An interim leader quickly came forward to continue shepherding the denomination till they could find a replacement: the second most powerful leader there, Archbishop of York Stephen Cottrell. Many thought Cottrell also had his eye on the actual replacement position as well.

Alas, Cottrell himself turned out to be part of the cover-up scandal. Despite vocal opposition, he’s still hanging on to his interim position by his fingernails. He refuses to quit now, not when the prize is so close.

Last month, some of those leaders accused Cottrell of another abuse of power. This time around, he and the Bishop of Oxford Steven Croft allegedly bullied a hiring committee into hiring John Perumbalath as the Bishop of Liverpool back in 2022. The hiring committee had grave concerns about Perumbalath, but allege that Cottrell and Croft “coerced” them into hiring him.

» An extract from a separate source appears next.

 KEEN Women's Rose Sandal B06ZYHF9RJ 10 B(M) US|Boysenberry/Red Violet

Later, two women—one another bishop!—later accused Perumbalath of sexually harassing them. One source alleges that Cottrell found out about these accusations between the hiring decision and Perumbalath’s ascension to his new role, but did nothing. In fact, Cottrell took a pastoral role toward Perumbalath toward the end, counseling him and guiding him. But his efforts were for naught: In response to the growing controversy there, Perumbalath resigned/retired just this past January.

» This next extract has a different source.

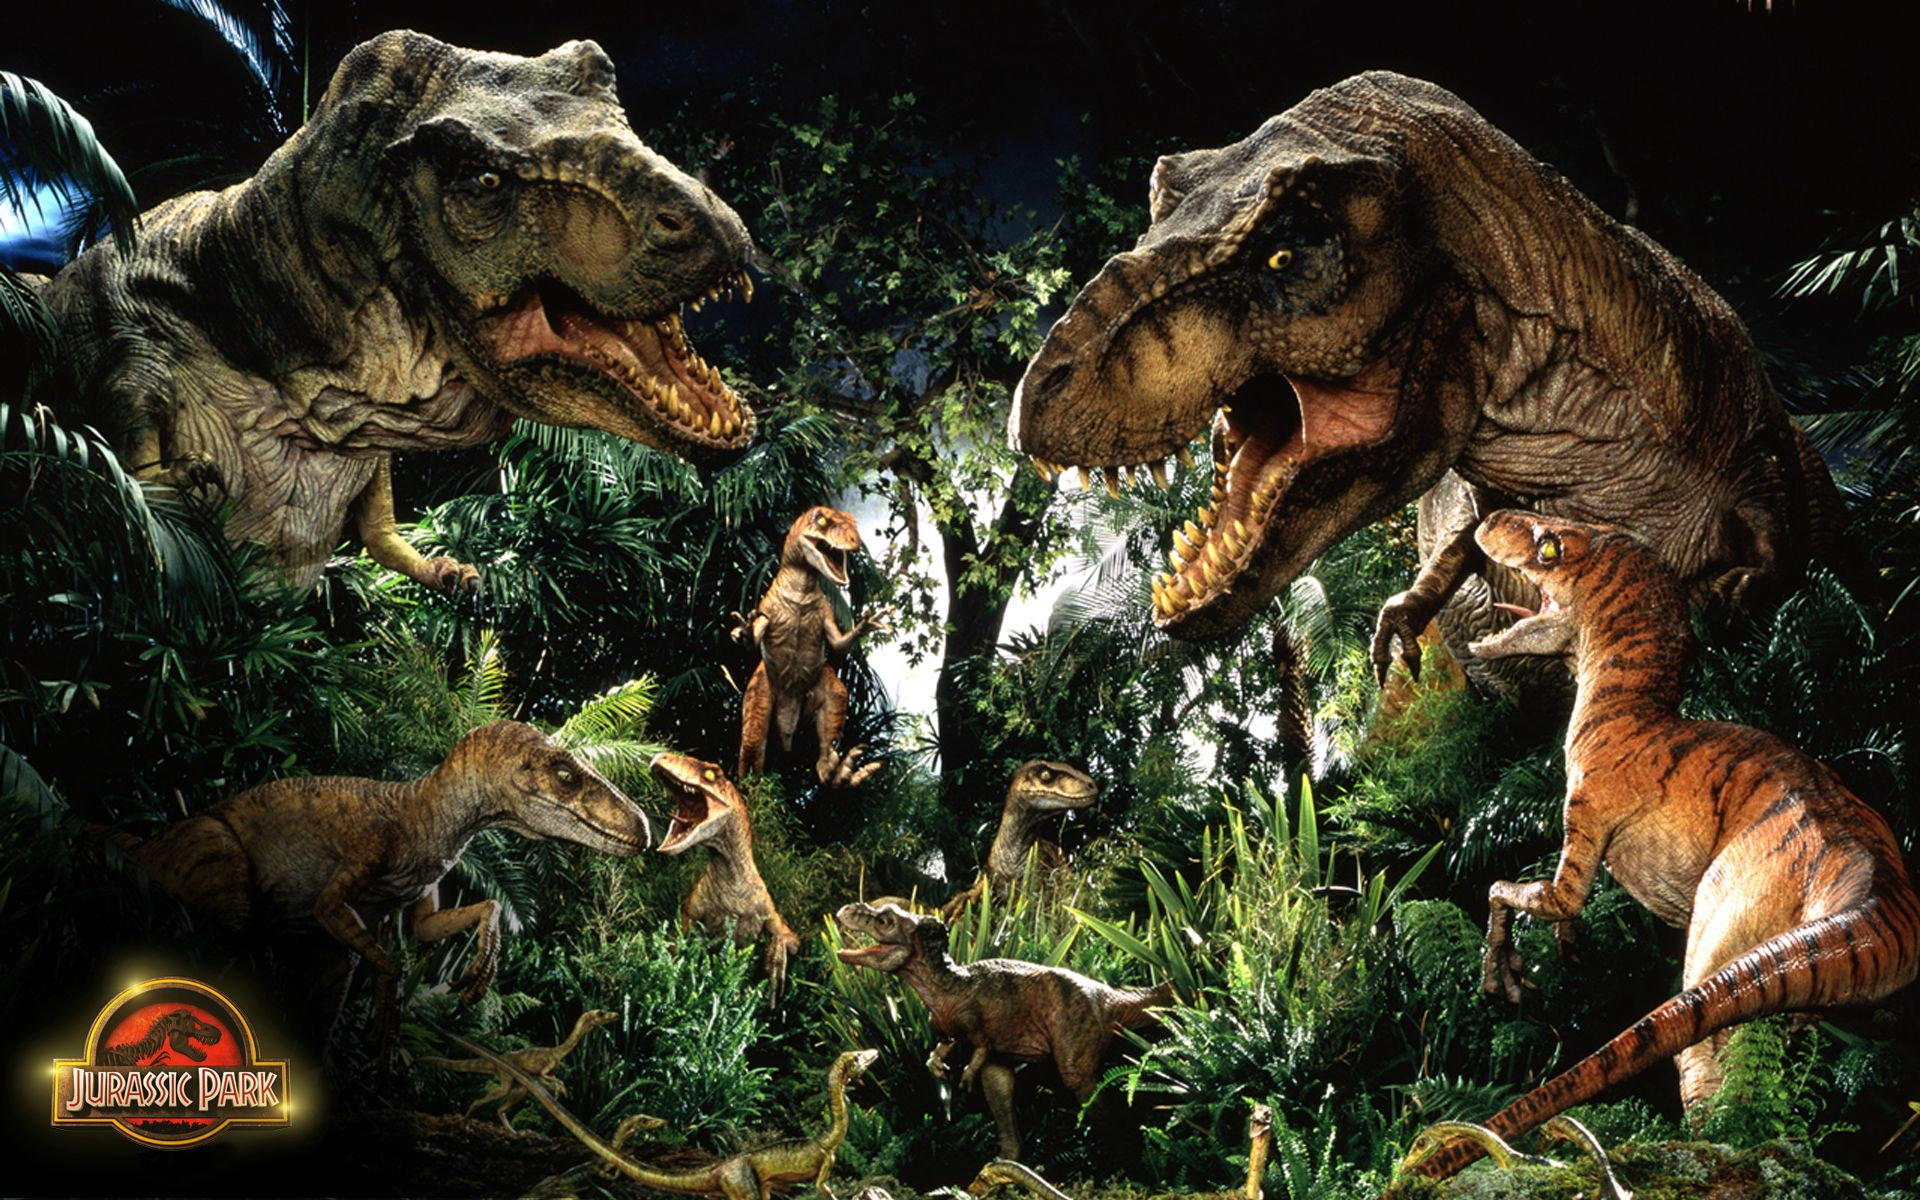 Elicottero Jurassic Park : Jurassic park t rex wallpaper wallpapersafari

Cottrell’s response to these bullying accusations is enlightening. He either really has no idea how organizational power works, or he knows what he did is wrong and is trying to find a magic apology that’ll appease the people who disapprove of how he used that power.

Unfortunately for Cottrell, once the group notices abuses of power, it won’t forget them easily.

1) The guild that owns the game admins owns the admins’ power

Many years ago, I heard about a huge scandal on a relatively small online roleplaying game in the late 1990s-early 2000s. This scandal had its playerbase divided and angry. It had grown out of suspicions that one player-run guild in the game was receiving preferential treatment from the game’s admins. Rumors abounded about how often admin-run plots centered around this one large guild, how much ingame money the guild always seemed to have, how admins spawned goodies for them all the time, how quickly their building and roleplay requests got fulfilled compared to those of other players, and more—oh, and so many more.

These rumors contained many elements of truth. For one thing, the game’s lead admin (“Joe”) and his significant other (“Jane”) both played leadership characters in that guild. Yes, objectively speaking an awful lot of plots centered around this guild. And yes, they had a magnificent house ingame and enough money that money had no meaning for the guild anymore, whereas player-run guilds had to scrabble to maintain themselves, much less to gain and improve land ingame for their guildhouse.

What I’m describing here went completely against that game’s own rules. Admins could play ingame, sure, but they always had to be careful to keep the attention on players. They also had to abandon the characters if their real identities got discovered.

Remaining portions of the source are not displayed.